At Stellarmann, we've always taken information security seriously. We understand that we are handling high volumes of sensitive data on behalf of regulated blue chip clients working in the City of London, which can include details of how they are implementing change programmes through to personal details of associates working on projects.
That's why we decided to go through the process of gaining ISO 27001 certification for information security. This allows us to give a level of confidence to our clients about how data is handled, but also to receive independent expert advice on areas where we could improve.
The ISO/IEC 27001 standard enables organisations to establish an information security management system and apply a risk management process that is adapted to their size and needs, and scale it as necessary as these factors evolve.
We were delighted to achieve the accreditation successfully at the first attempt at the end of 2023. Head of Operations Danielle Leggatt took the lead on the project, so we asked her "how was it for you?" and what she'd learned from the process.
How did you find the process?
"We worked with an ISO consultancy, to make sure we had people with experience looking dispassionately at our policies and procedures. We also recruited a full time Operations Assistant, the marvellous Elle, who had experience maintaining an ISO accreditation with a previous company, who was also able to give us the benefit of what she'd learned."
"Our journey began with a very large risk assessment, which was the result of depth interviews with all the heads of departments at Stellarmann. It allowed us to measure our baseline and think about our attitude to risk."
"The good news was that our IT set up was robust and sensible, and a lot of the way we work intuitively, already protected our data securely. We have a high quality training programme around data security that all staff members must complete and good practice is often modelled by the team. As is often the case with fast growing companies though, we just needed to be better at documenting what we do."
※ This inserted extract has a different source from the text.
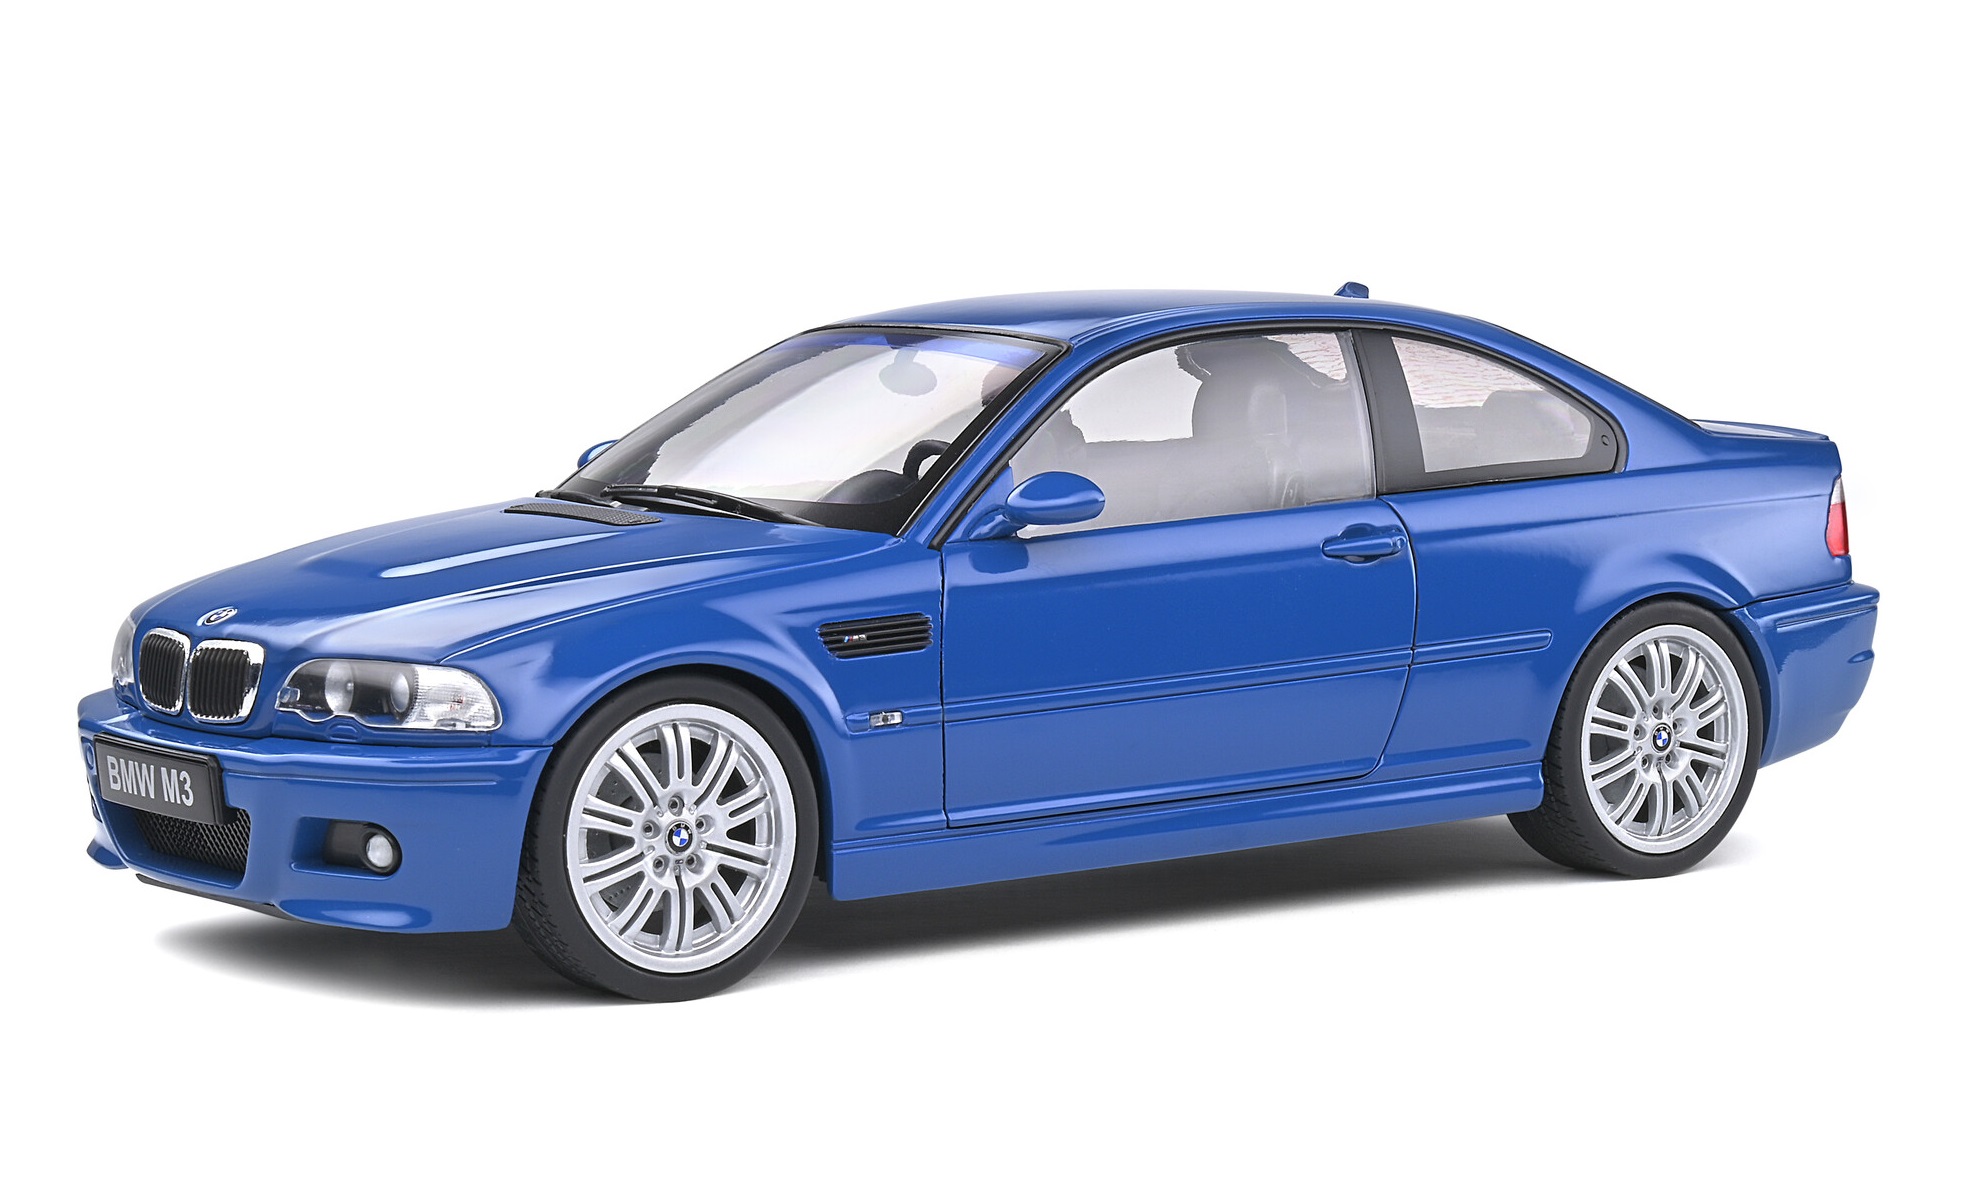 Macheta - BMW E46 M3 Coupe Albastru 2000, Scara 1:18 | Solido

"Rather than having policies written for us externally, we wrote them ourselves based on current working practice which made sure they were workable, realistic and not just box ticking exercises. We then enlisted the help of a SharePoint consultancy to create a policy hub, allowing simple access for every member of staff."
What has been your proudest achievement?
"We had management buy-in from the beginning, and getting engagement from everyone was therefore easier than expected (albeit with a bit of 'encouragement.') But what I'm especially proud of is the fact that our team are not afraid to reported suspected data breaches. We don't have many at all, and the truth is, they are most frequently down to human error. For instance, clicking on a suspect link in a spam email. But rather than sit on that and say nothing, our team know to report it, confident that we don't play blame games and just want to find solutions."
Admit it. Did you secretly enjoy this?
"I actually really enjoy process improvement, and I am quietly really pleased that our new policy hub makes finding things so much easier. I am also looking forward to working through our opportunities for improvement, none of which are critical, but which will make our processes better. One example is how we will label our assets to ensure that when we roll out AI tools such as Microsoft Copilot, we won't disclose information that is classified or confidential."